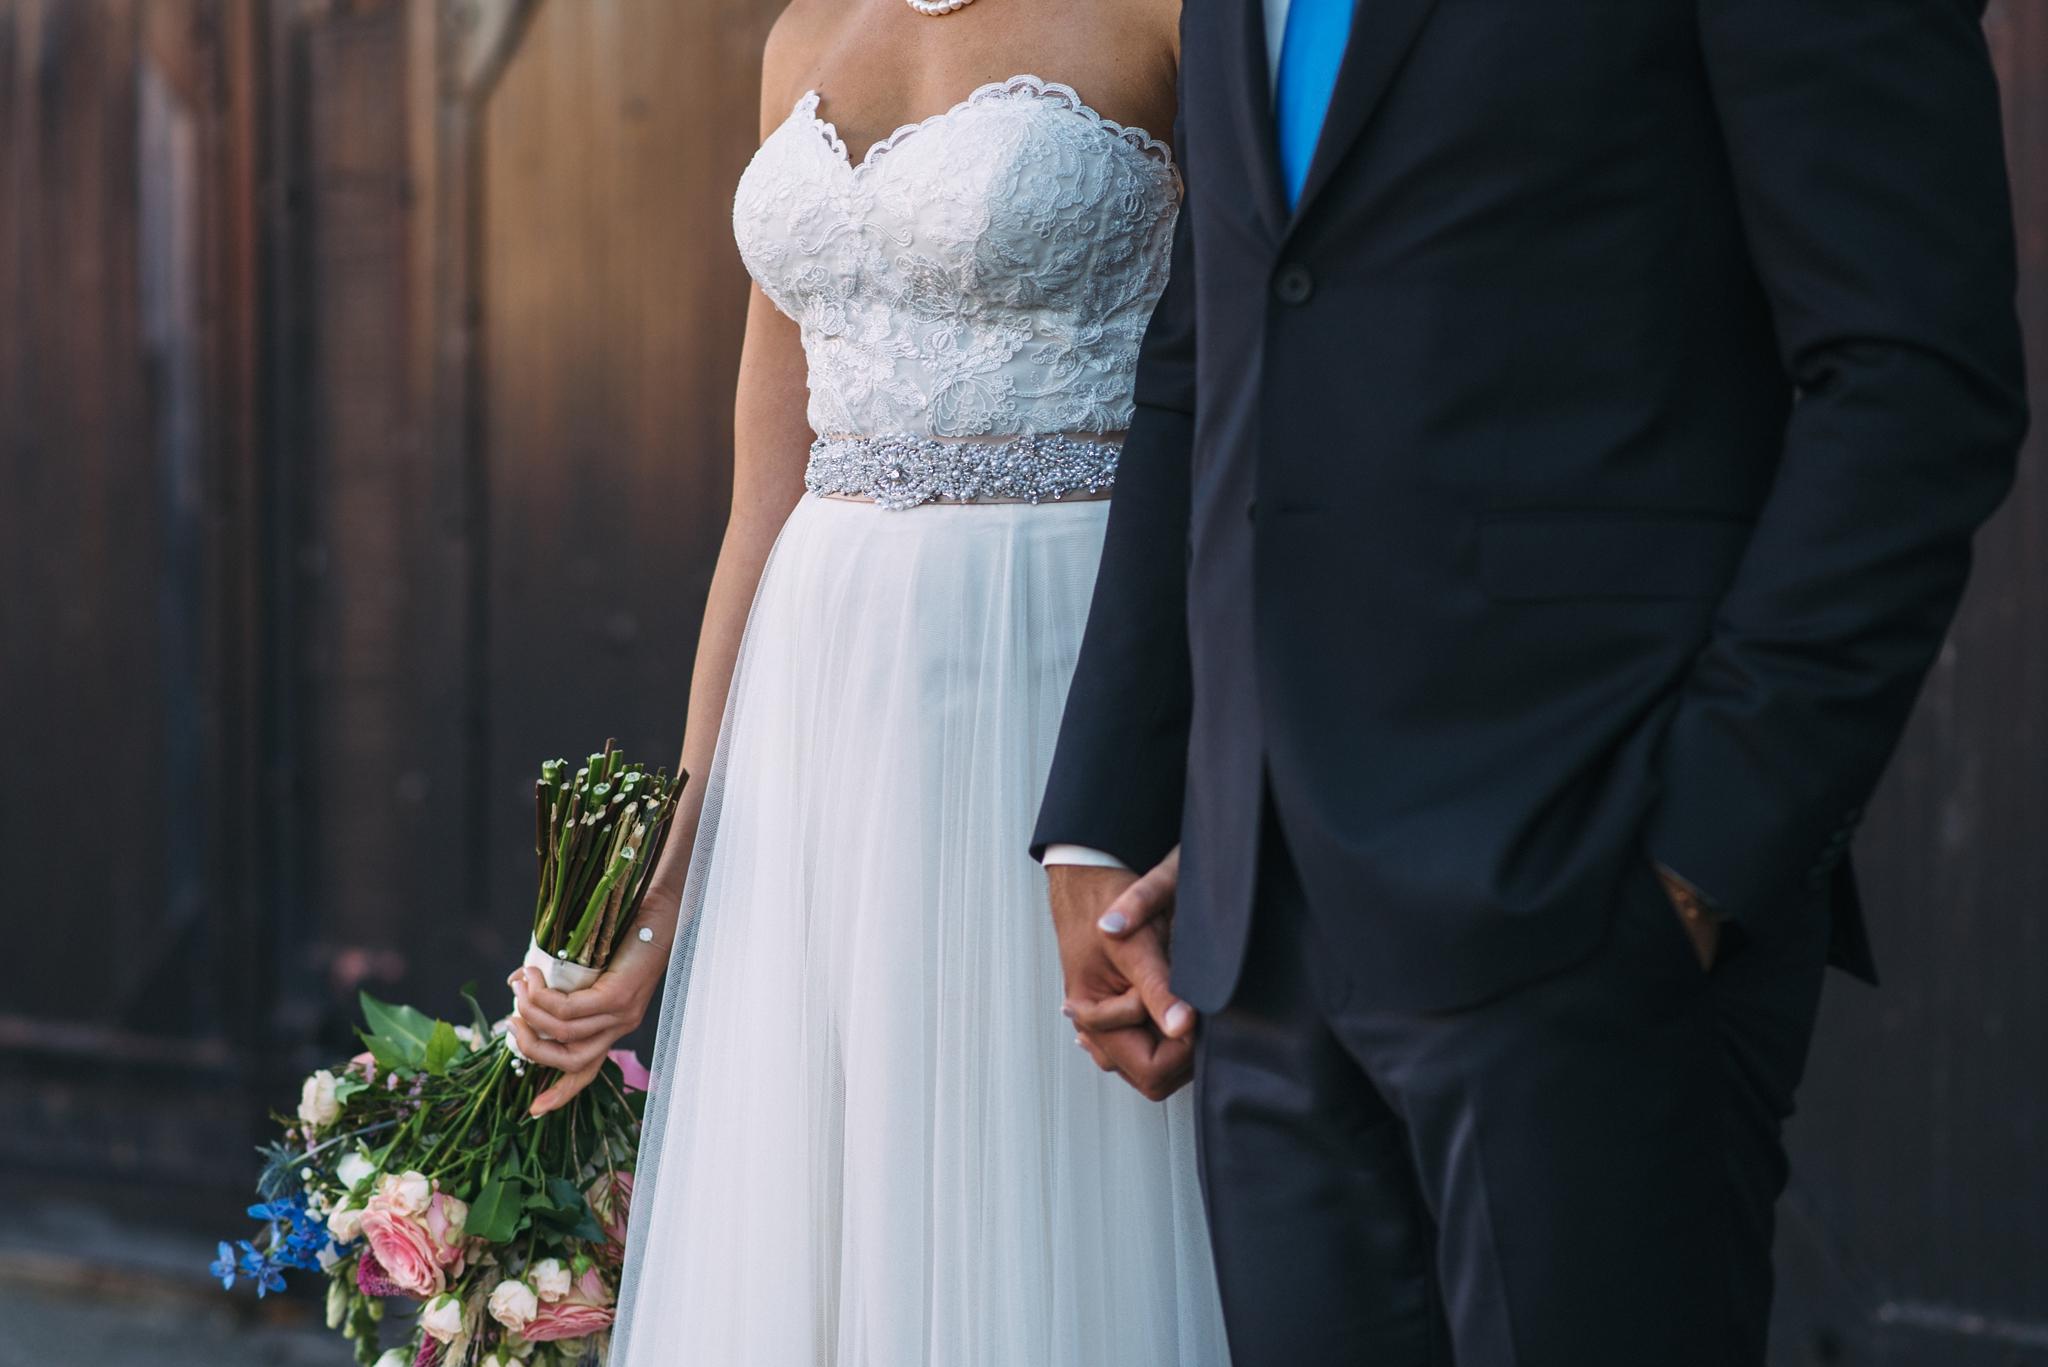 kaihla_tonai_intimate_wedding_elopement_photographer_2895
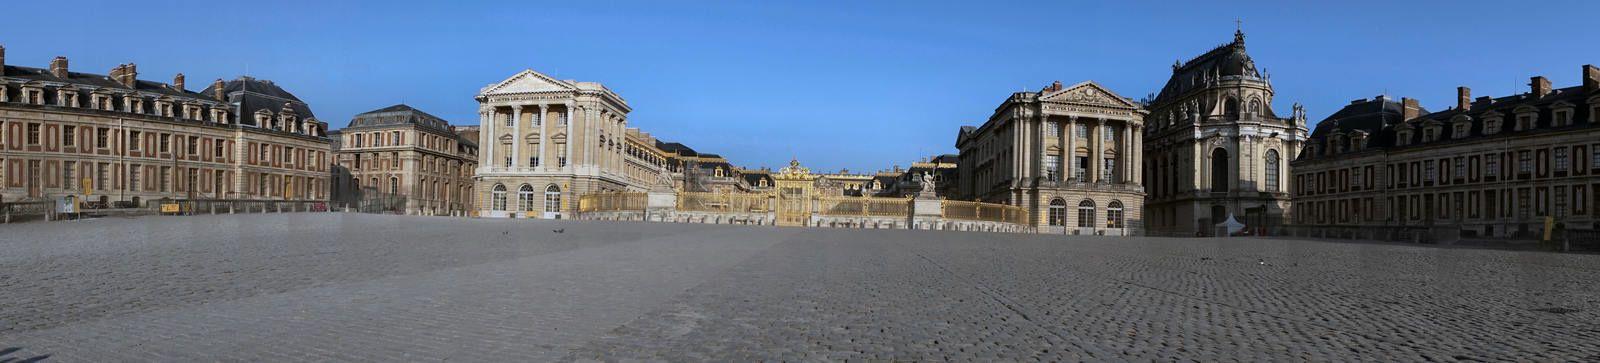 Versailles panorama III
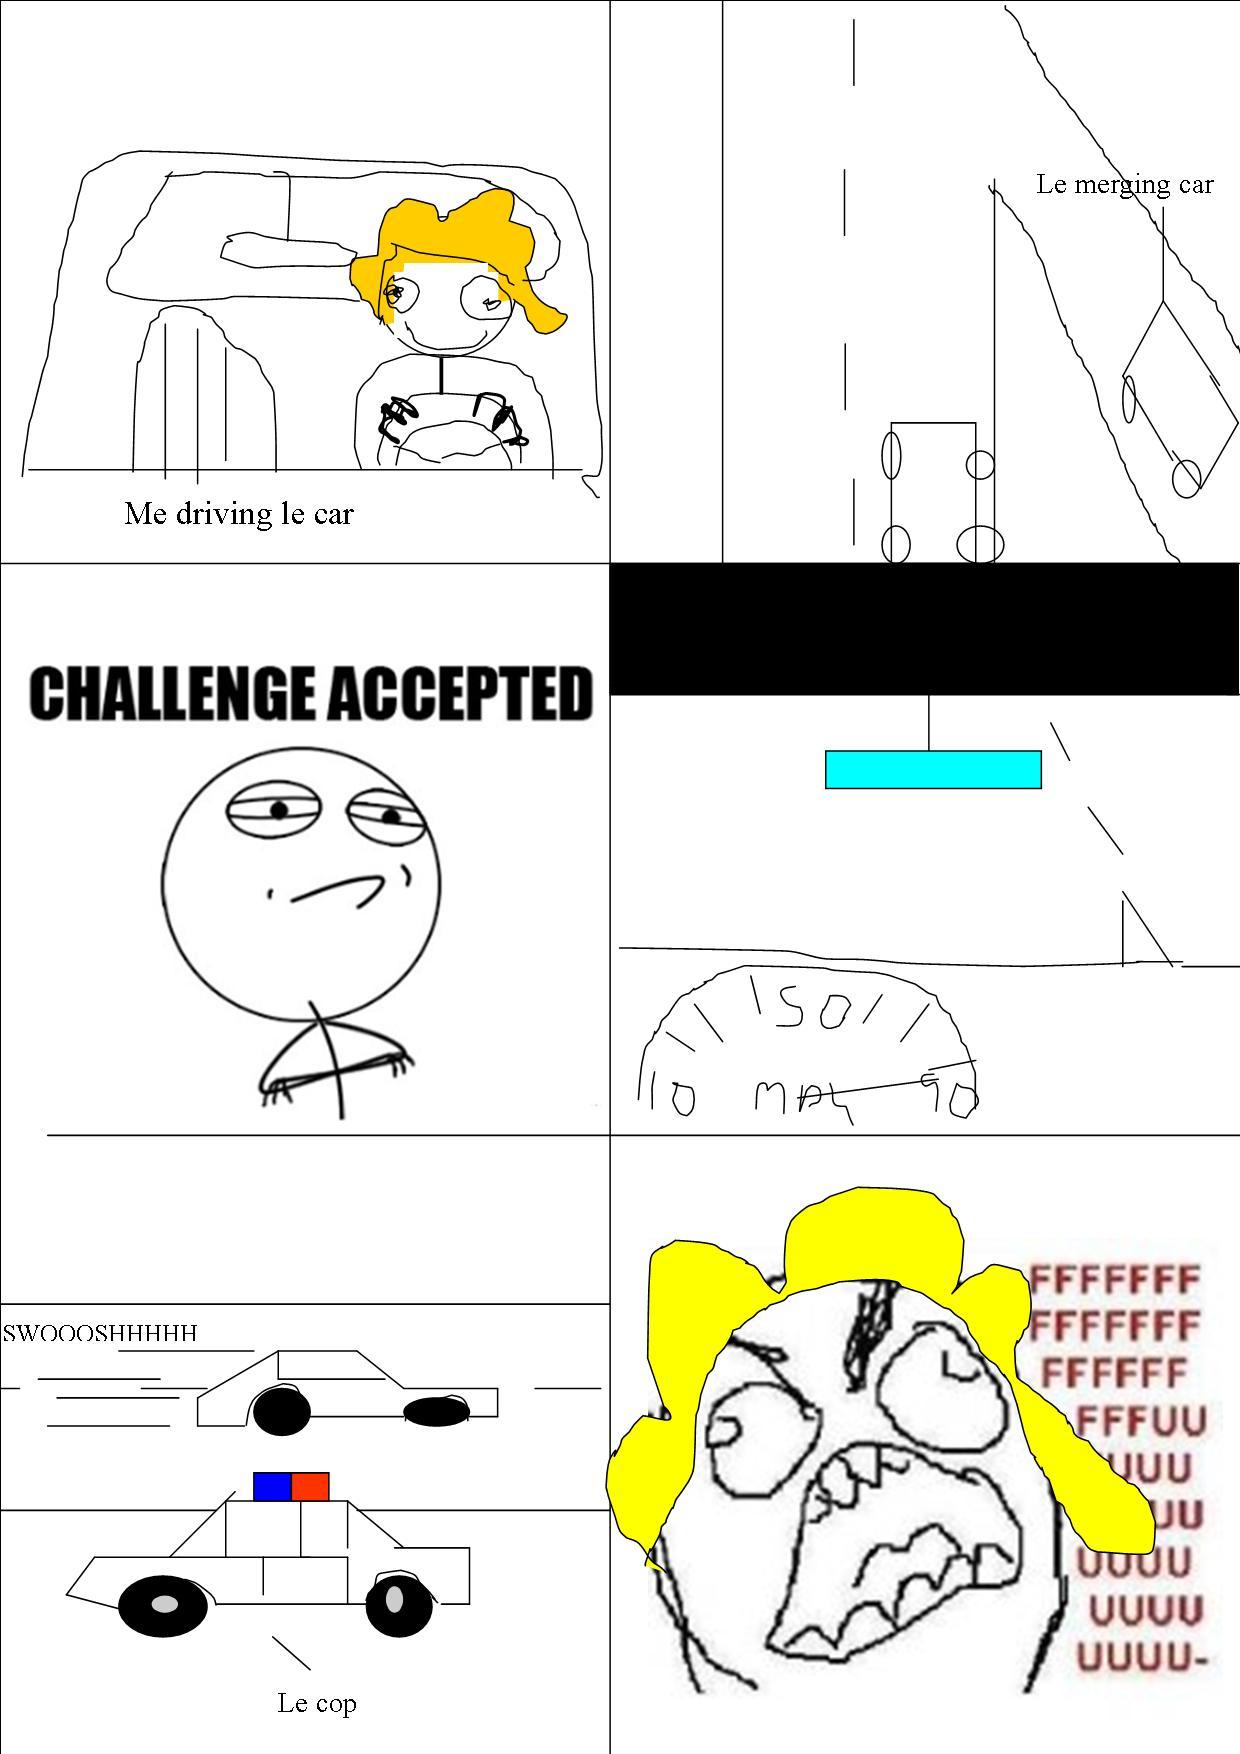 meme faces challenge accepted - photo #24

=== WORK ITEM ===
The listing above should be repeated word for word, with every image left out.

=== ANSWER FOR THE TASK ===
 kaihla_tonai_intimate_wedding_elopement_photographer_2895
 Versailles panorama III
 meme faces challenge accepted - photo #24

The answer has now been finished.